When a notice under Section 153A is issued, it enables the department to carry out re-assessment or assessment with respect to the six immediate prior years and the year in which the search is carried out. This does not require any incriminating material recovered on search relating to those prior years; in which there is no time left, on the date of search, for an assessment under Section 143. The provision under Section 153A is a non obstante clause having overriding effect over Sections 139, 147, 158, 149, 151 and 153. The intention of the legislature is to enable assessment, if it has not been regularly done in any of the previous years, or to re-initiate assessment in case there is already proceedings pending or to re-assess in the case of completed assessments; if the search under Section 132 reveals material pointing to a practice of suppression of income from taxation. These materials need not necessarily be that relevant to the previous six years since a practice of suppression detected in the subject year permits a like presumption to be drawn in the earlier six years too; on best judgment with reference to the business or profession carried on by the assessee. We have also held in Commissioner of Income Tax v.  Orma Marble Palace P(Ltd) [ITA 19 of 2011] that a dishonest assessee would not keep evidence of his dishonesty to be discovered after a long time or even a short time. Hence there is no assumption possible that in any of the prior years in which assessments were not regularly completed and the time for the same has expired, there could be additions only on the basis of materials recovered relevant to those years. The returns filed in pursuance to a notice under Section 153A is also to be treated as a return filed under Section 139. Hence, we cannot agree with the Tribunal that the assessments carried out under Section 153A for the prior years in which the due date for notice under Section 143(2) has expired, can only be with reference to incriminating materials recovered on search.

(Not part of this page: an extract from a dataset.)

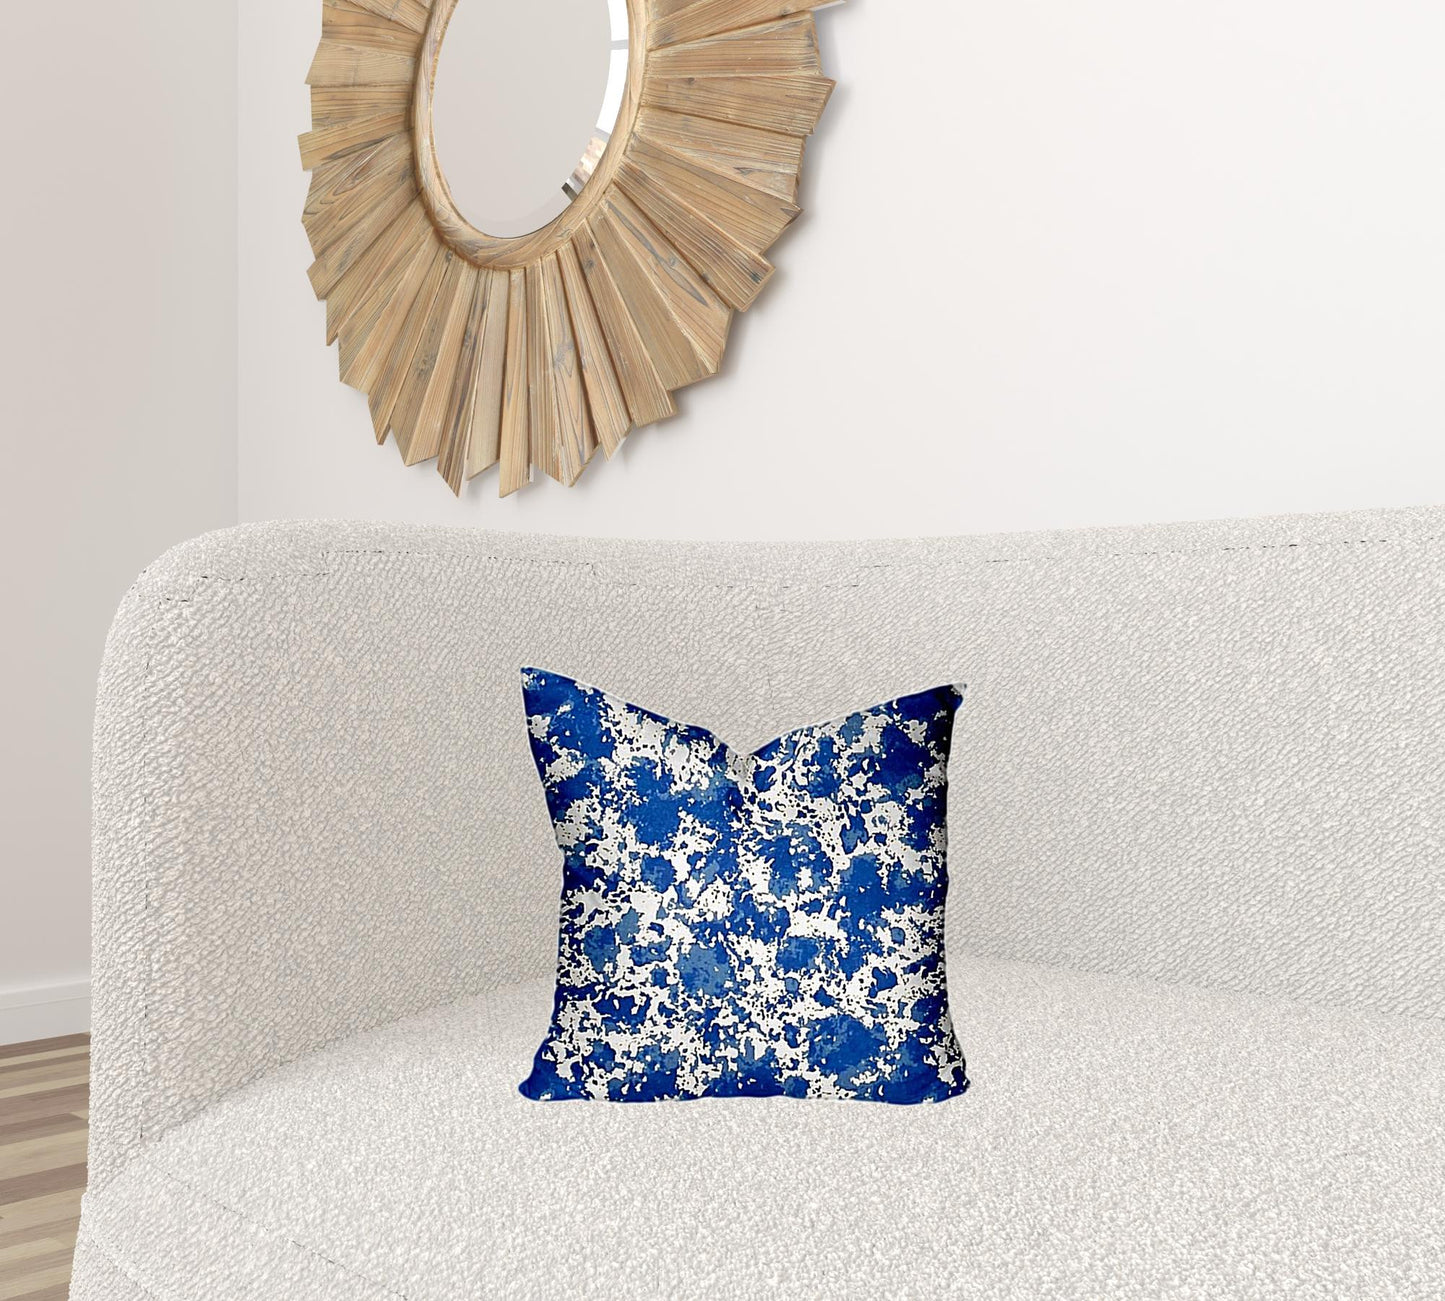 16" X 16" Blue And White Enveloped Coastal Throw Indoor Outdoor Pillow

FULL TEXT OF THE HIGH COURT ORDER / JUDGEMENT

These appeals arise from the order of the Tribunal, which dealt with an assessment under Section 153A of the Income Tax Act,1961 (hereinafter referred to as ‘the Act’) for six plus one years, the last year being the year in which the search was conducted under Section 132. There were a number of issues arising before the Tribunal all of which except two, does not survive as of now, for reason of the revenue having not challenged certain issues before the Tribunal as also on the basis of the order passed giving effect to the order of the Tribunal. We would first look at the issues which do not survive for finalisation of the assessment for completeness.

2. One of the issues raised was on gifts received from friends for the assessment years 2003-04 to 2004-05. The Tribunal had remanded the matter to be considered by the Assessing Officer. The learned counsel for the assessee submits that the said individual gifts were considered and those which were proved were allowed by the Assessing Officer and others were added back to the income.